В любимом кресле наполовину лежал, наполовину сидел непривычного вида, ссохшийся, помертвелый человек. Когда-то спокойное, но живое лицо сделалось маленьким, желтоватым и равнодушным к земному, точно застыло, закостенело. Под глазами широко расползлись чёрные тени. Светлые глаза, вспыхивавшие когда-то страстями, острым умом, потускнели и, казалось, не видели уже ничего.

Вместо алой кардинальской мантии на нём был теперь толстый белый халат. На ручках кресла лежала доска. На доске разместились серебряные тарелки и любимая чаша всё того же вина. В исхудалой, почти детской ручонке была зажата серебряная четырёхзубая вилка. Этой вилкой старик подбирал что-то тёмное с почти полной тарелки и медленно, осторожно, неловко просовывал в тяжело раскрывавшийся рот.

Стройный юноша с бледно-розовым здоровым гладким лицом, с ржаными кудрями, волнами спадавшими на прямые, но слишком узкие плечи, выдававшие человека умственного труда, стоял почтительно перед ним и задумчиво, ласково вопрошал:

— Вам это нравится, ваше преосвященство?

Старик приподнял набрякшие тёмные веки:

— О да, насколько это возможно для умирающего.

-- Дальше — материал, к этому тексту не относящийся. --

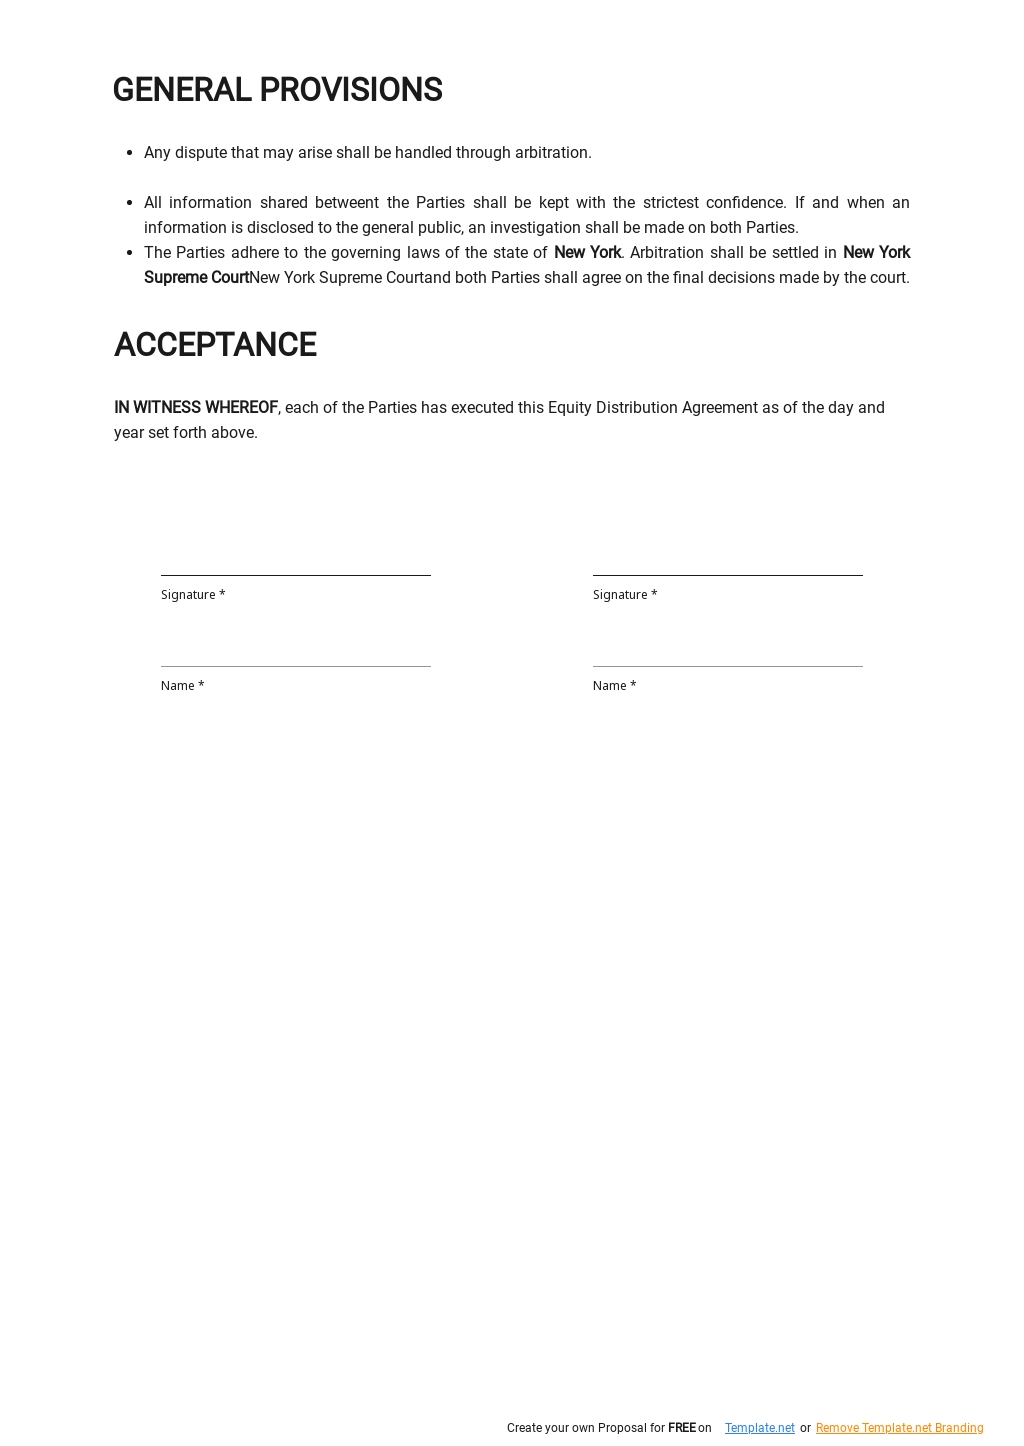 Equity Distribution Agreement Template 2.jpe

В кабинете было всё прибрано, аккуратно, по-прежнему чисто и чинно. В воздухе, прохладном и свежем, ощущался слабый запах сладких восточных курений.

И холодно и потрясённо стало на сердце. Очевидное приближение смерти с непривычки угнетало. Время от времени по спине пробегали мурашки, теснилось в груди, и слёзы готовы были выступить на глаза, но удерживал их, понимая, что это оскорбило бы умирающего, причинило бы боль.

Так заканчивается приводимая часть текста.